2024 Commodity Classic: USSEC Leaders Highlight Export Collaboration to Build New Markets and Increase Sustainable Food Security 

USSEC farmer-leaders addressed global food security and demonstrated close collaboration with other U.S. commodity export groups. Three board members participated in a panel discussion titled “Building New Markets to Meet the Challenge of Feeding the World” on February 29 at the 2024 Commodity Classic in Houston. 

Stan Born, the immediate past chair of USSEC and a farmer from Lovington, Illinois, explained how USSEC helps customers take full advantage of the benefits of U.S. Soy, aligning with the U.N. sustainable development goal of achieving zero hunger.  

“As I met with customers around the world during the past year, I saw first-hand how USSEC educates, equips and enables them to use U.S. Soy for food, feed and other uses,” he said. “We educate by sharing knowledge with business leaders. We equip with tools to understand and extract the value of U.S. Soy, and we enable them to access it by addressing market barriers.” 

He also shared how the Soy Excellence Centers support early and mid-career protein professionals with industry-focused training.  

“Globally, consumers want choice — the ability to choose food for their family,” Born explained.  

He said that with the U.S. Sustainable Soybean Assurance Protocol, or SSAP, USSEC verifies that U.S. Soy is produced sustainably. During the last year, 70% of U.S. Soy exports carried that verification, including 40% of shipments to China. 

“We’re seeing demand for sustainability show up in uncanny places,” he added. “For example, just a few weeks ago I attended a signing ceremony in Sri Lanka where two more customers agreed to use our ‘Fed with Sustainable U.S. Soy’ label on their products.” 

Born stressed that he had volunteered time to address global food security through USSEC because no child should go hungry. 

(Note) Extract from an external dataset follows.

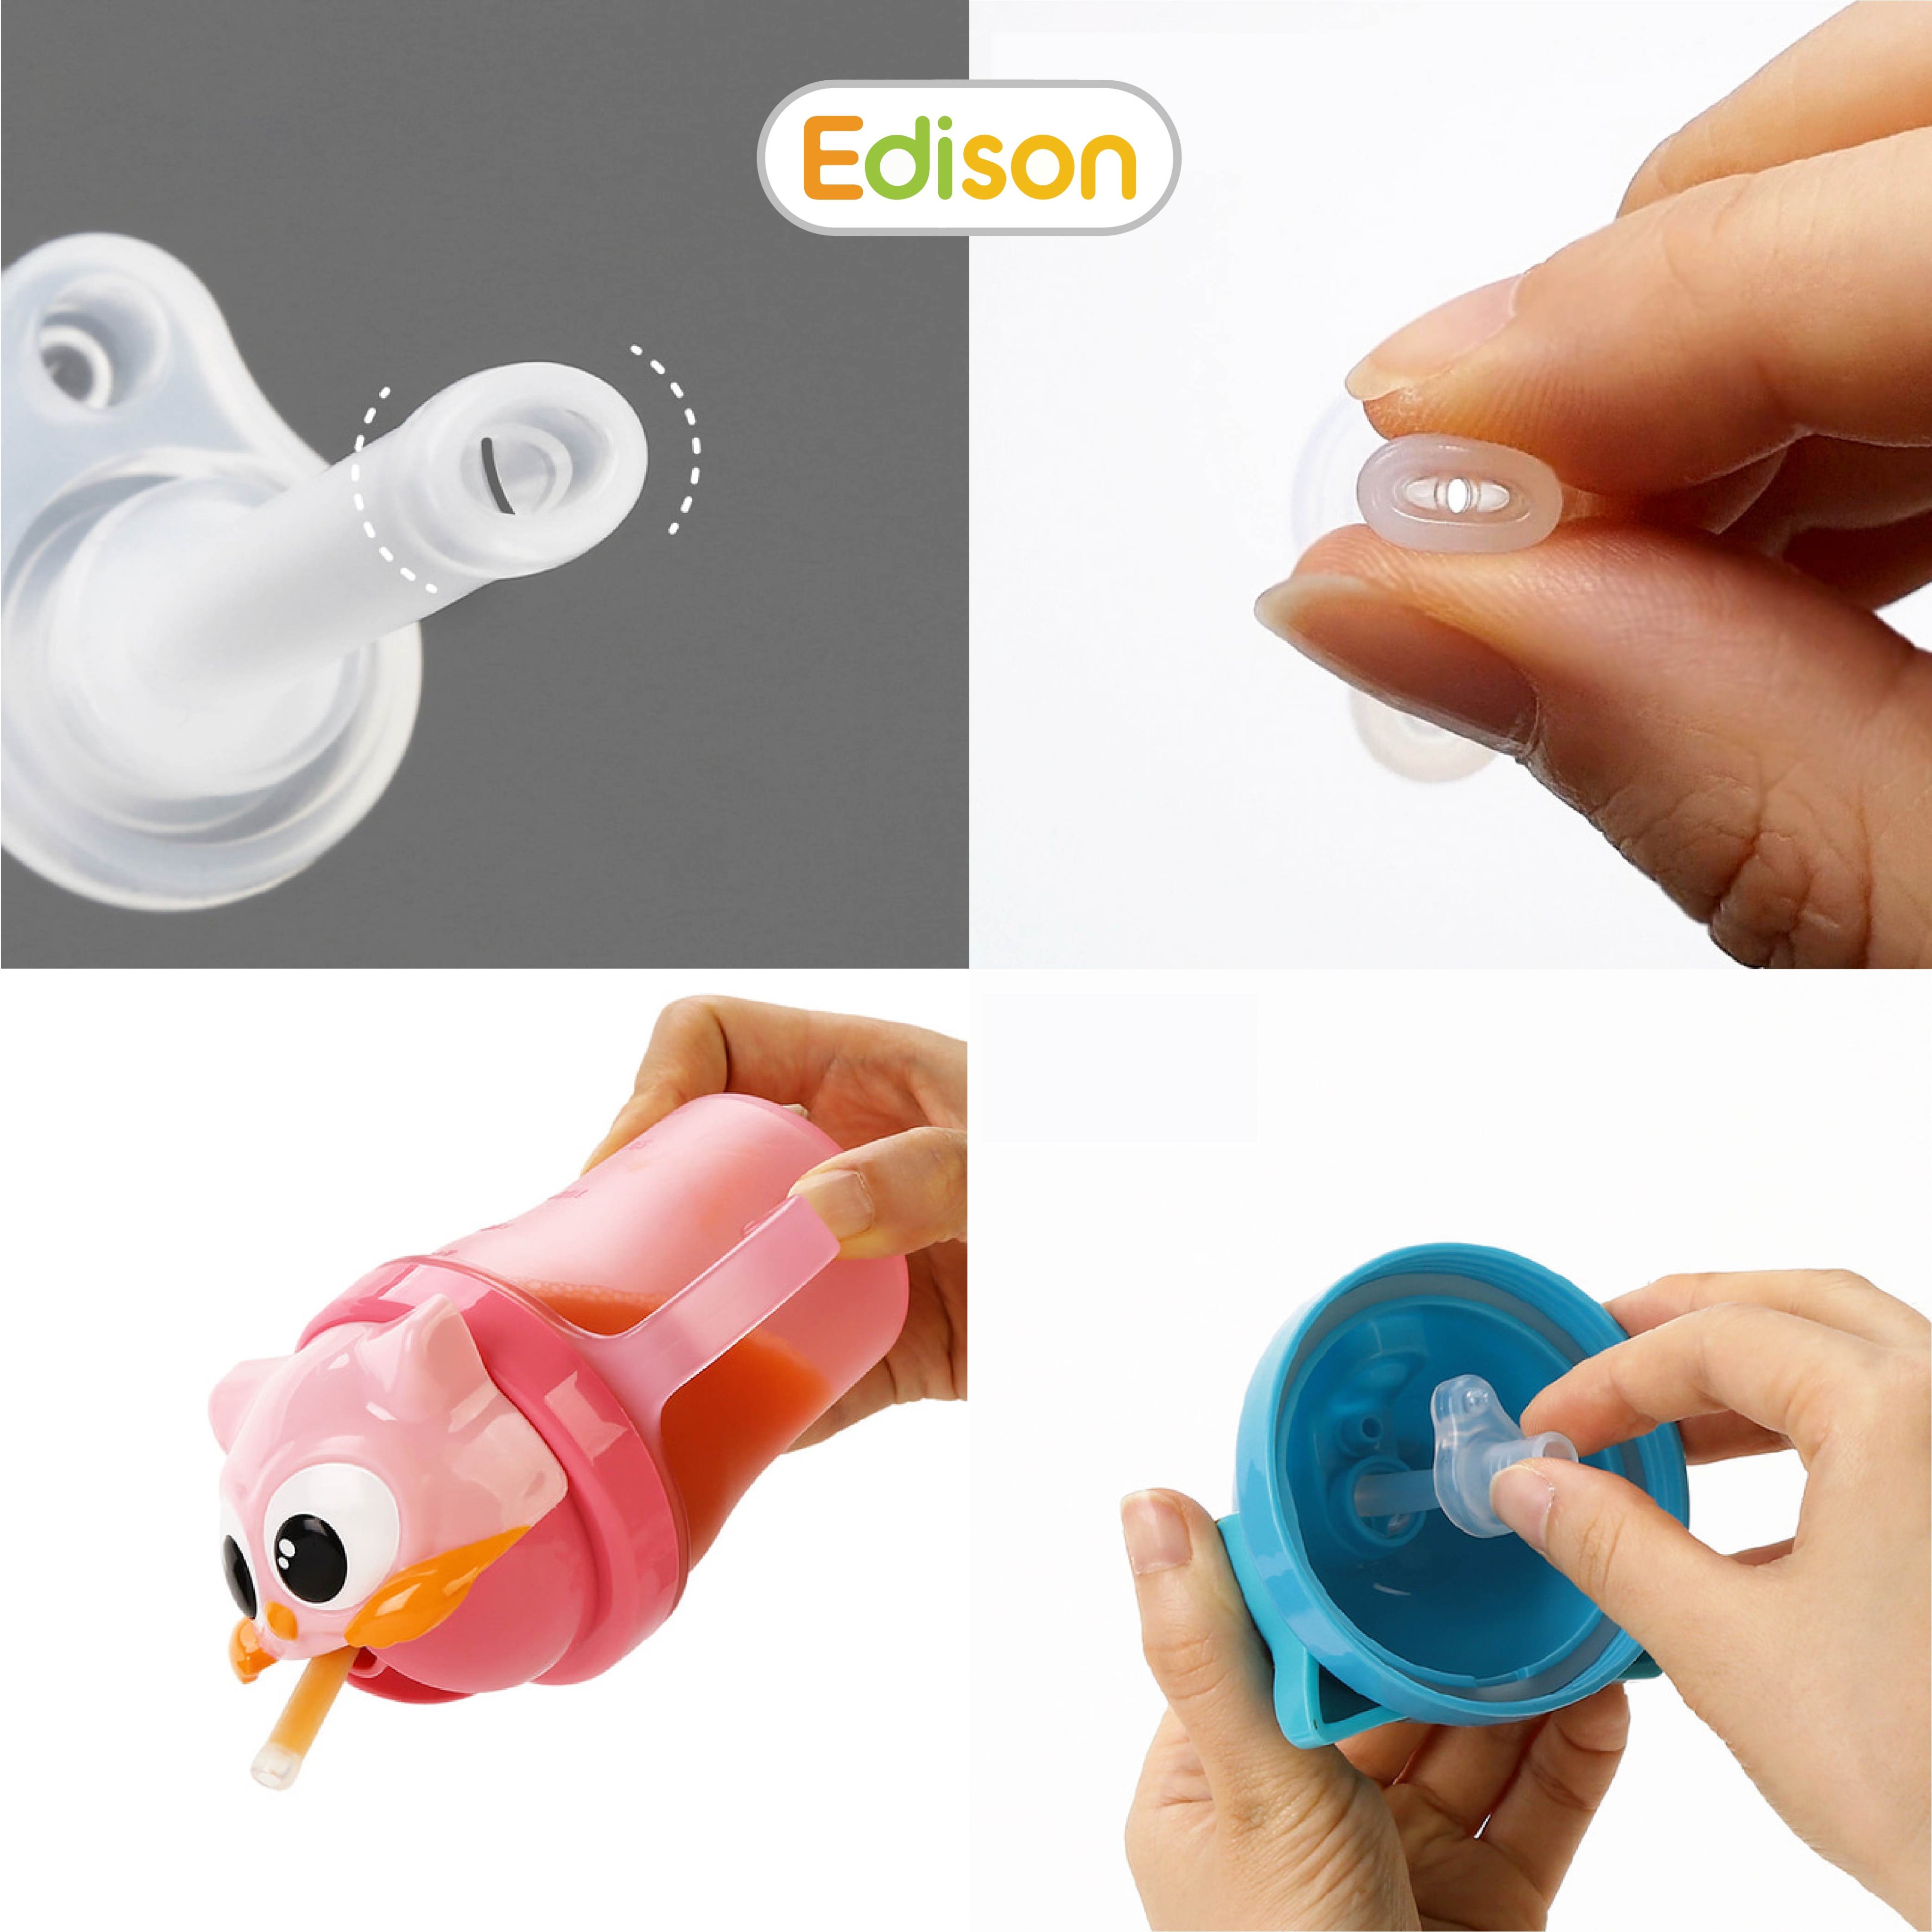 Set ống hút sữa silicon đa năng Edison chính hãng Hàn Quốc cho bé tập hút màu trắng mã 3024

“Every kid deserves a chance, and nutrition is foundational to that,” he said. “Ensuring children can eat leads to national security.” 

Fellow panelist Roberta Simpson-Dolbeare, who farms near Nebo, Illinois, has seen the need for better nutrition in developing countries. She serves as the chair of the World Initiative for Soy in Human Health, or WISHH, and she is a new member of the USSEC board.  

WISHH works to improve global feed security by providing U.S. Soy as a protein solution in new, emerging markets. These projects help stabilize a new market so they can grow into export markets. 

“I saw the importance of U.S. Soy’s protein in Ghana, where poultry producers recognized first-hand the benefits of feed for their birds that includes U.S. Soy,” she said. “WISHH worked with a food and feed manufacturer to sell soy protein products to the U.N. World Food Programme in that country.” 

Simpson-Dolbeare also highlighted the rapid growth of aquaculture production in Sub-Saharan Africa, where WISHH trains young industry leaders in Ghana and Nigeria. 

“Aquaculture is growing twice as fast there compared to the rest of the world,” she explained. “Wild-caught stocks are declining, but we know U.S. Soy protein makes a great fish feed. We are working to build the regional aquaculture industry for long-term trade and to meet food security needs for protein.” 

She says customers want to know they will have a continual supply of protein to make possible these productivity improvements in poultry production, aquaculture and more. 

The panel also included farmers representing the U.S. Grains Council (USGC), the U.S. Meat Export Federation (USMEF) and the U.S.A. Poultry and Egg Export Council (USAPEEC). USSEC works closely with each of these organizations in a variety of new and growing markets.  

The USAPEEC representative on the panel, Claremont, South Dakota farmer Mike McCranie, exemplified this collaboration. McCranie has worked closely with USAPEEC, and he just started his second term as a USSEC director. He sees his voluntary commitment to global markets as one way to improve the industry for his sons, who farm with him, and their families. 

McCranie noted how exporting protein in the form of meat, poultry and eggs both addresses global food security and the energy transition to higher volumes of bio-based fuels. 

“Meat is a great way to export soybean meal,” he said. “At the same time, global customers are asking for sustainable products, and U.S. agriculture can deliver.” 

The panelists noted that the sustainability of U.S. crop production supports the sustainability of meat and poultry exports.  

McCranie shared that he has seen attitudes toward sustainability shifting for global consumers. For example, a few years ago he hosted buyers from a major food and feed company in Thailand on his farm, highlighting sustainable practices and giving them rides in his combine.  

“The following year, the same buyers were in a meeting I attended in Thailand, where company leadership asked for help importing sustainable products, because that’s what their customers were asking for,” he shared. “We assured the leadership we could help, and I attended a Memorandum of Understanding signing a few months later in the U.S.” 

Together, Born, Simpson-Dolbeare and McCranie demonstrated the leadership of U.S. Soy farmers in sustainability, valuable exports and industry collaboration.   

This story was partially funded by U.S. Soy farmers, their checkoff and the soy value chain.